Russian New Oil Tax to Spur Production

Russia took another step toward changing how it taxes the oil industry after its finance ministry proposed reducing its reliance on duties tied to crude production with a new levy on earnings.
The ministry sent this month a preliminary plan on new taxes to oil producers and officials, two people with direct knowledge of the matter said, who asked not to be identified because the matter is confidential.
The proposal would keep Russia’s export tax, reduce its production levy and introduce a charge of 70% on profit from oil projects, Bloomberg reported.
“Discussions will continue, but this is an important step forward,” Alexey Kondrashov, Ernst & Young LLP’s global oil and gas tax leader based in Dubai, said by phone.

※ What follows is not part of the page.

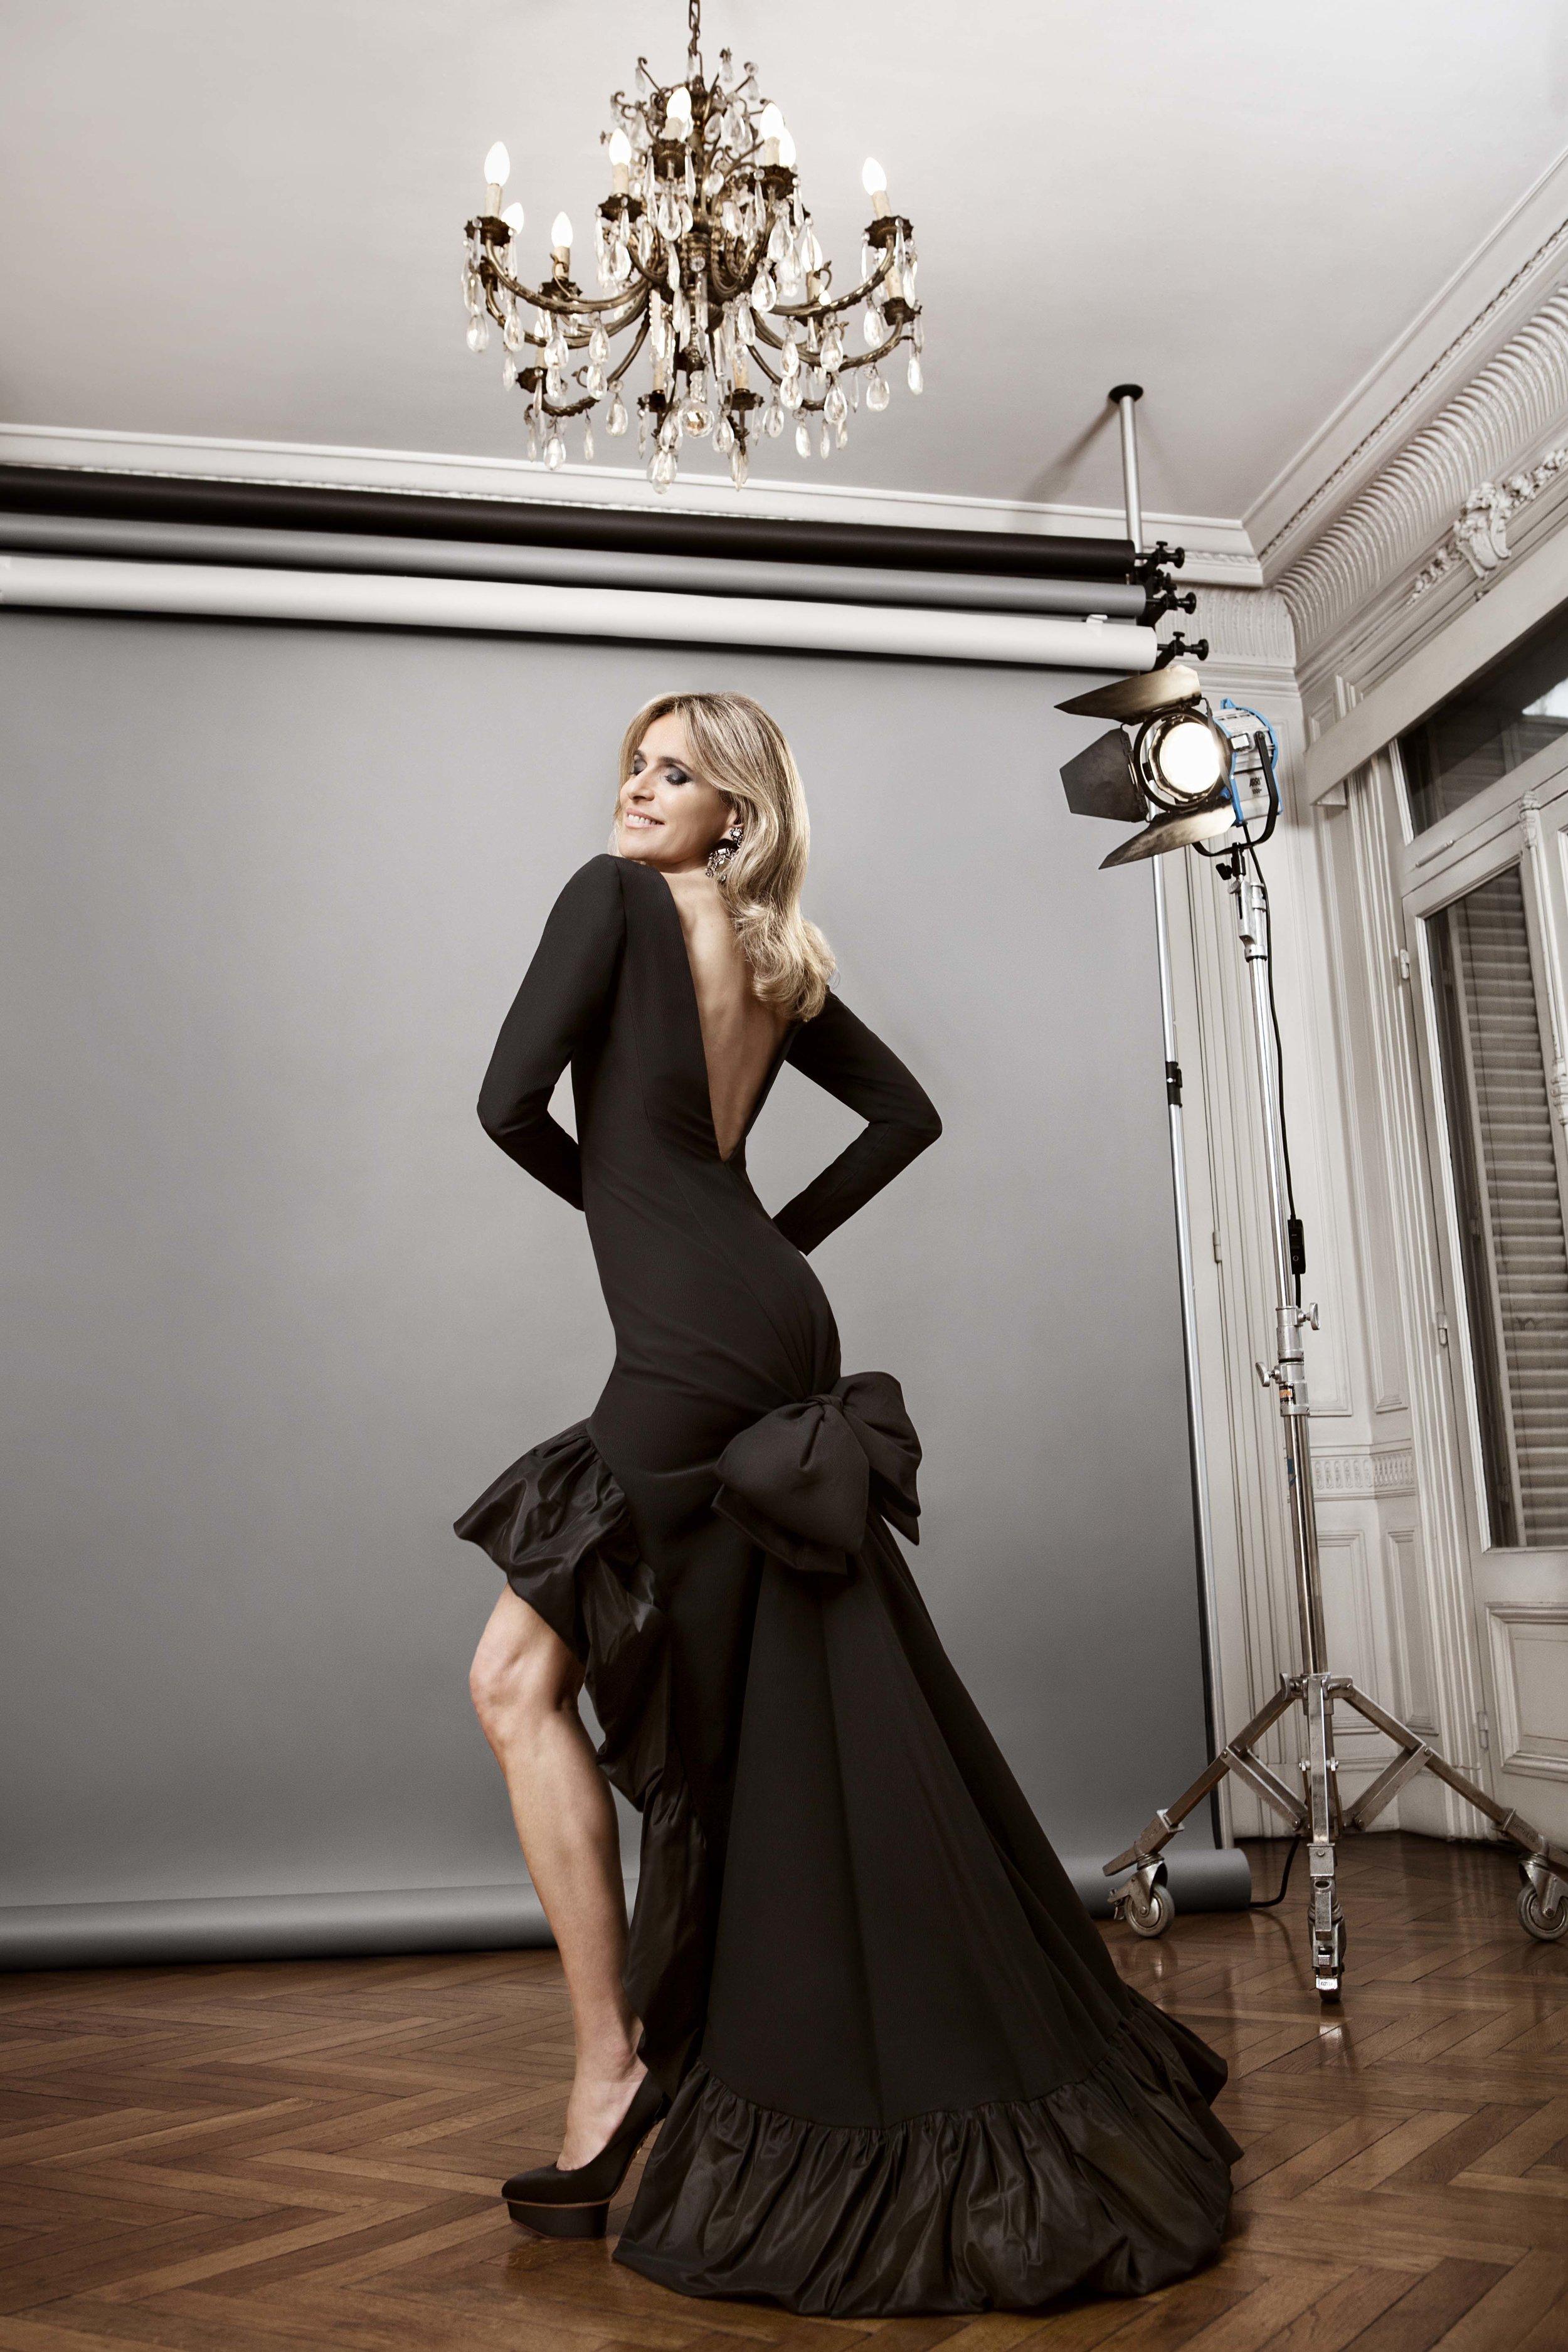 Rossella_della_Giovampaola_RossellaDGP_Vestido_YSL_Haute_Couture_Yves_Saint_Laurent.jpg
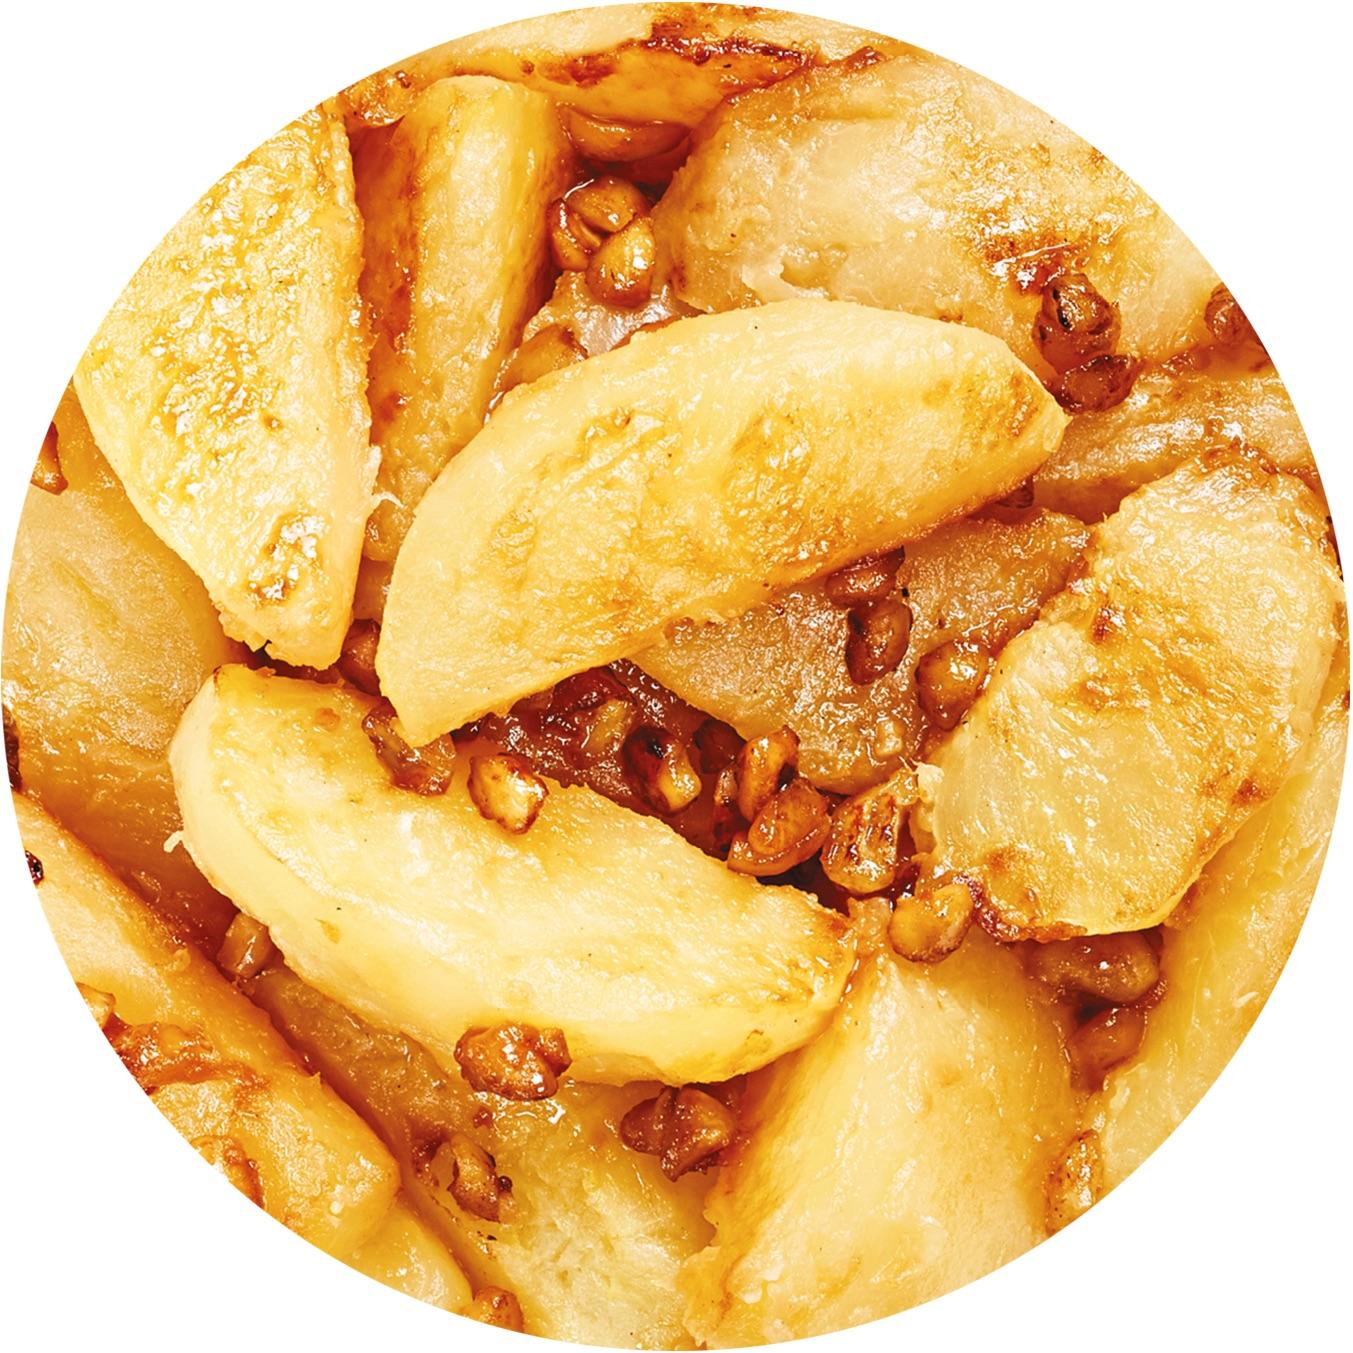 Image de la recette pommes cuites aux noisettes sans sucre ajouté

“Russia taxes primarily oil production and export, thus heavily relying on a royalty-based system. The share of profit-based taxes is almost negligible,” which prevents development of more sophisticated extraction projects, he said. The world’s second-biggest oil exporter is seeking a tax system to spur development of distant or hard-to-recover resources amid falling production at fields set up mainly during the Soviet era.
Under the current system, which taxes oil revenue without accounting for costs, Russia may lose about 100 million tons of output in 10 years at its key West Siberia fields, Energy Minister Alexander Novak said in June.
Russia relies on crude for about a third of its budget income. Oil export duties and taxes on crude totaled $37 billion in the first seven months of the year, according to Russia’s Treasury. That’s down 16% from the same period in 2014 due to lower oil prices, as the nation is in its first recession in six years.
The oil industry is hopeful a new system “at least will not worsen the situation for fields with tax breaks and will improve it for the brown fields,” Leonid Fedun, vice president of Lukoil PJSC, Russia’s second-biggest crude producer, said on a conference call on Friday.
The Russian government ordered the preparation of tax proposals in June after its energy ministry offered to test its plan on 16 oilfields operated by the four largest producers: Rosneft OJSC, Lukoil, Surgutneftegas OJSC and Gazprom Neft OJSC.
The finance ministry expects a final decision on the system from the Kremlin, the Russian-language business daily Vedomosti reported.
Russia’s lawmakers may approve a plan as soon as this year, the paper said.